Die Verwendung von assert wird von der Mehrheit der Programmierer positiv bewertet. Ist das richtig? Was spricht für bzw. gegen seine Verwendung?
Pro:
- assert kann als rein abstrakter, nicht codegenerierender Teil der Dokumentation betrachtet werden.
- Assertions sind direkt im Quelltext definiert, d.h.:
- DokumentationImQuelltext ist dann besonders nützlich, wenn die Übereinstimmung der Dokumentation mit dem, was der Code wirklich tut, automatisiert stattfinden kann.
- Mehr Bequemlichkeit (Hat meiner Erfahrung nach große Auswirkungen auf Konsistenz und Nutzung)

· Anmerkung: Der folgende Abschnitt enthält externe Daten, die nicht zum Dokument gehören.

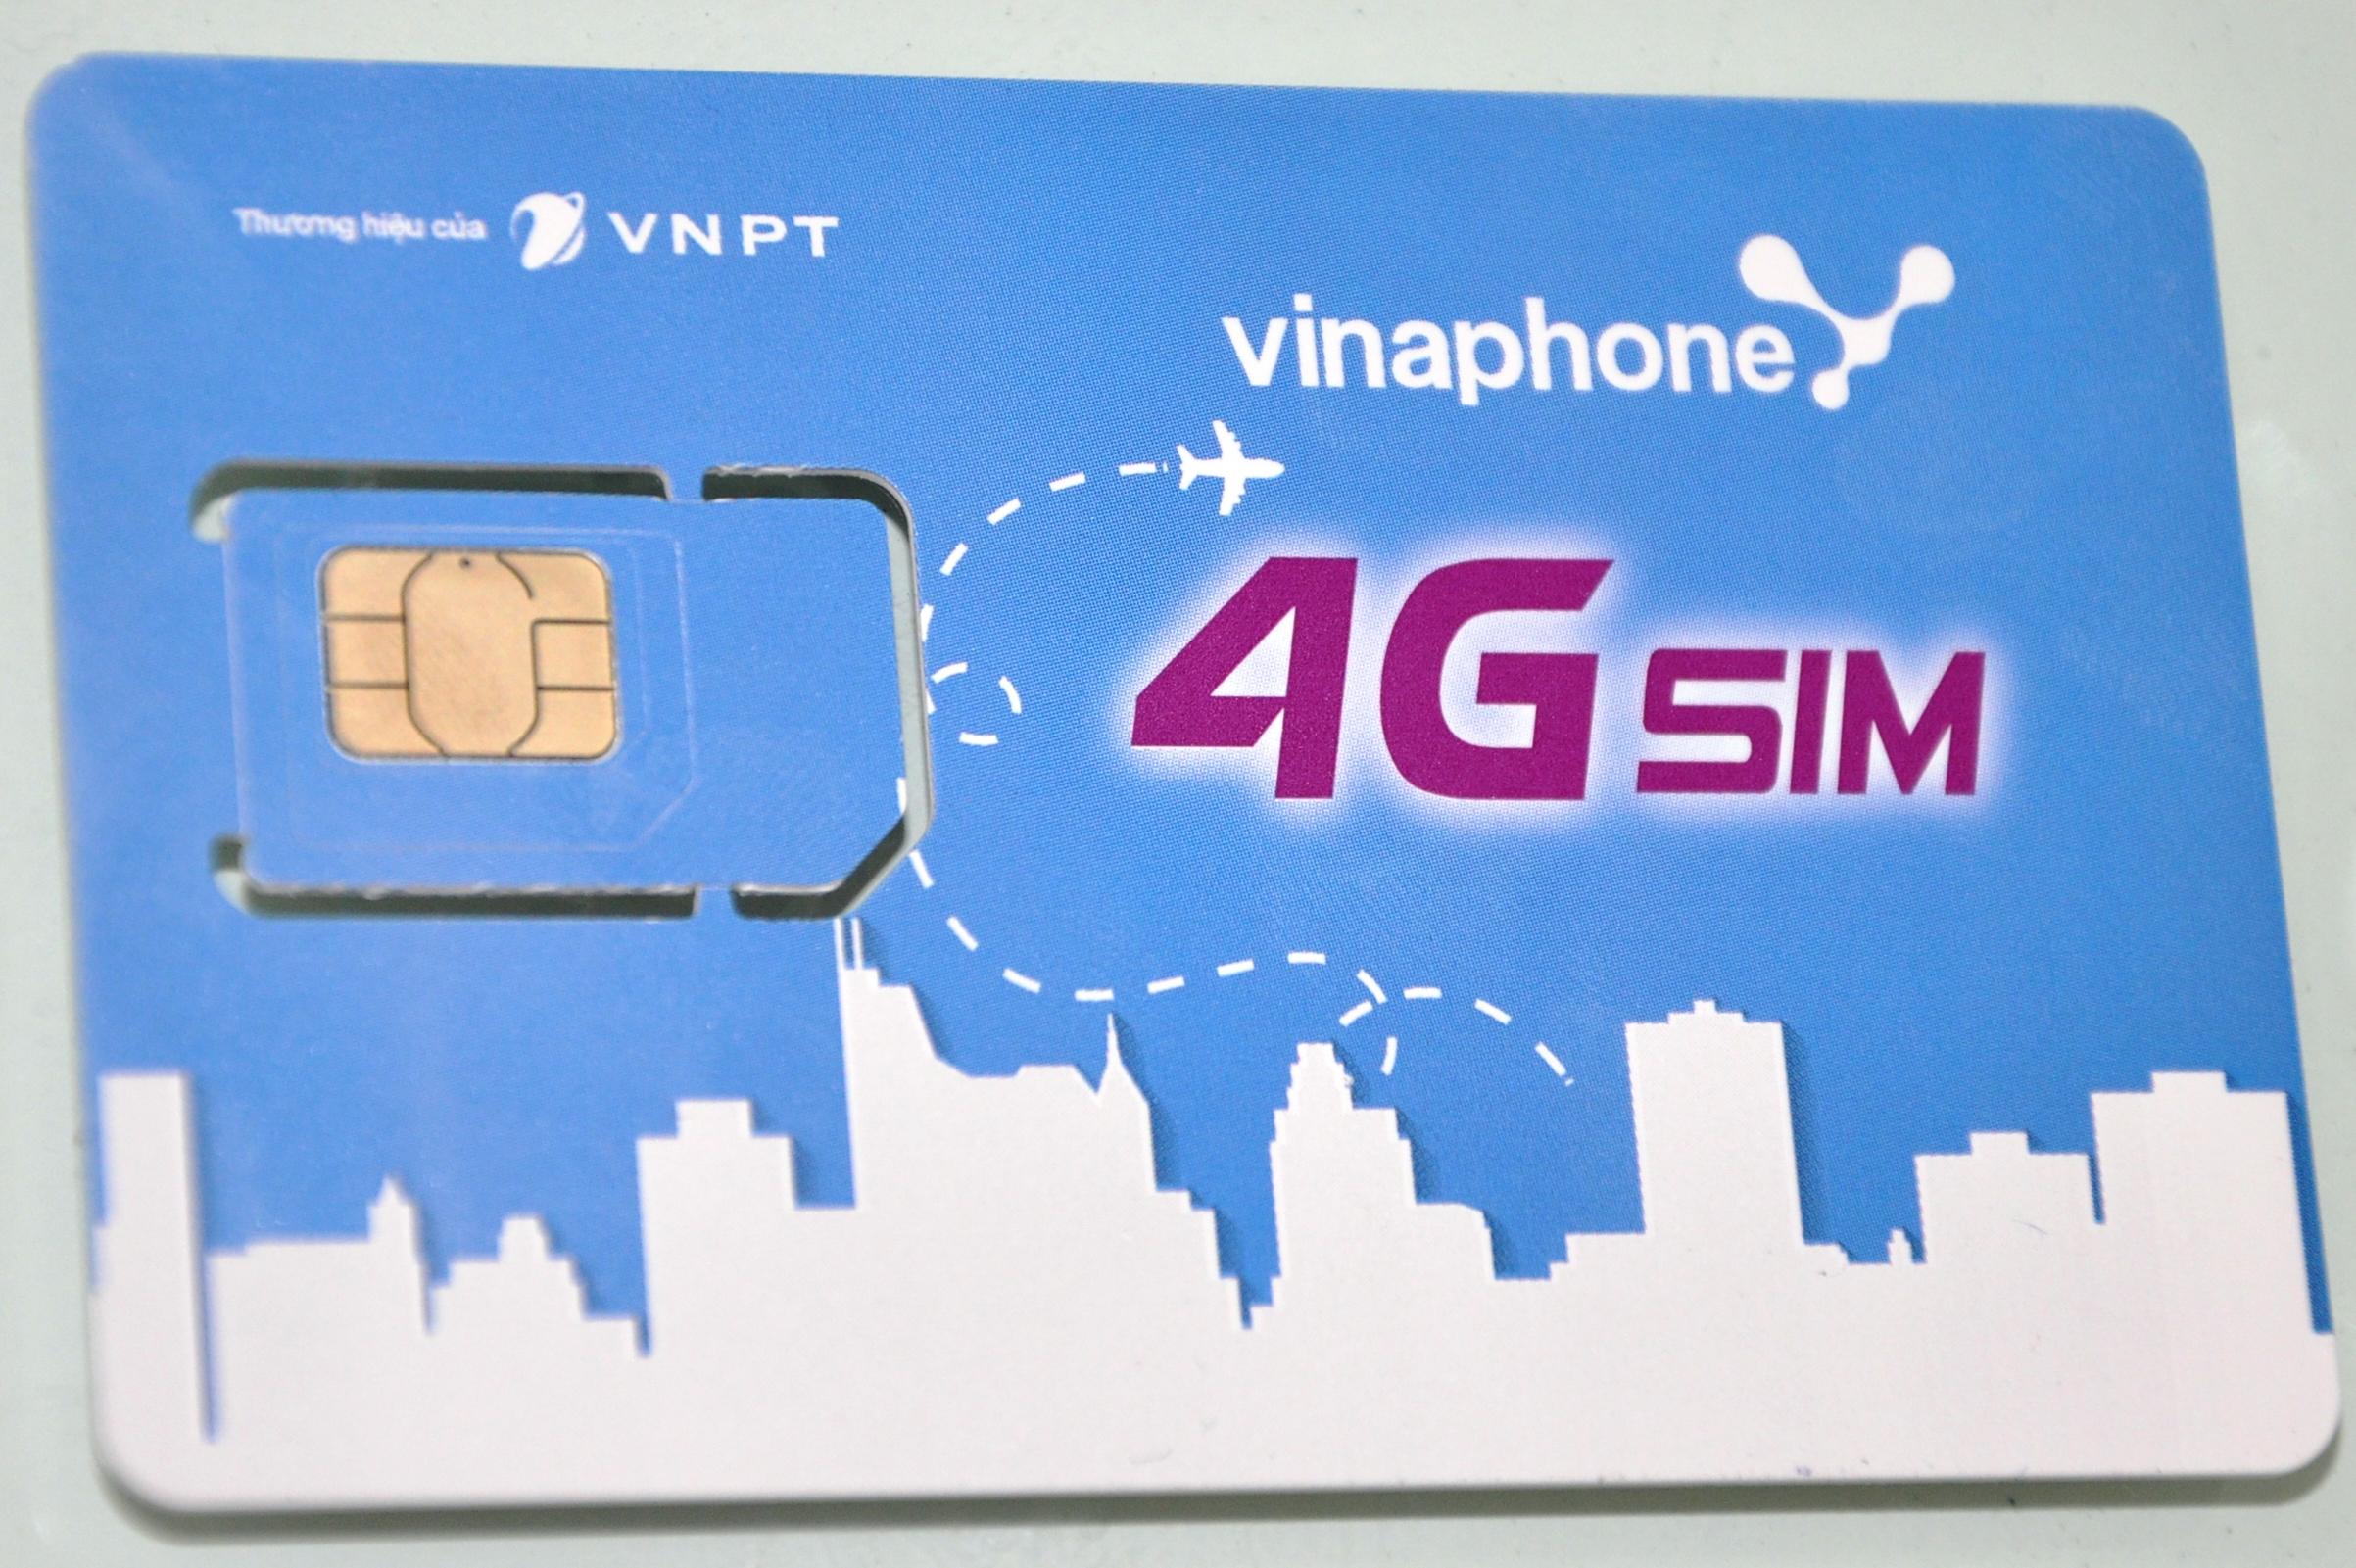 Hướng dẫn cài đặt 4G Vinaphone, cấu hình 4G LTE cho điện thoại

- Assertions sind eine erweiterte Typdefinition -> Verbesserter Fehlerlokalisation, wenn viele unterschiedlichen (z.B. fremde) Komponenten / Module im Einsatz sind.
- Mit Assertions wird die Überprüfung von Vor-/Nachbedingungen explizit und an definierter Stelle ausgedrückt. Damit veschwindet das ein oder andere if(eingabeCondition) {throw new Exception()} aus dem Methoden Body.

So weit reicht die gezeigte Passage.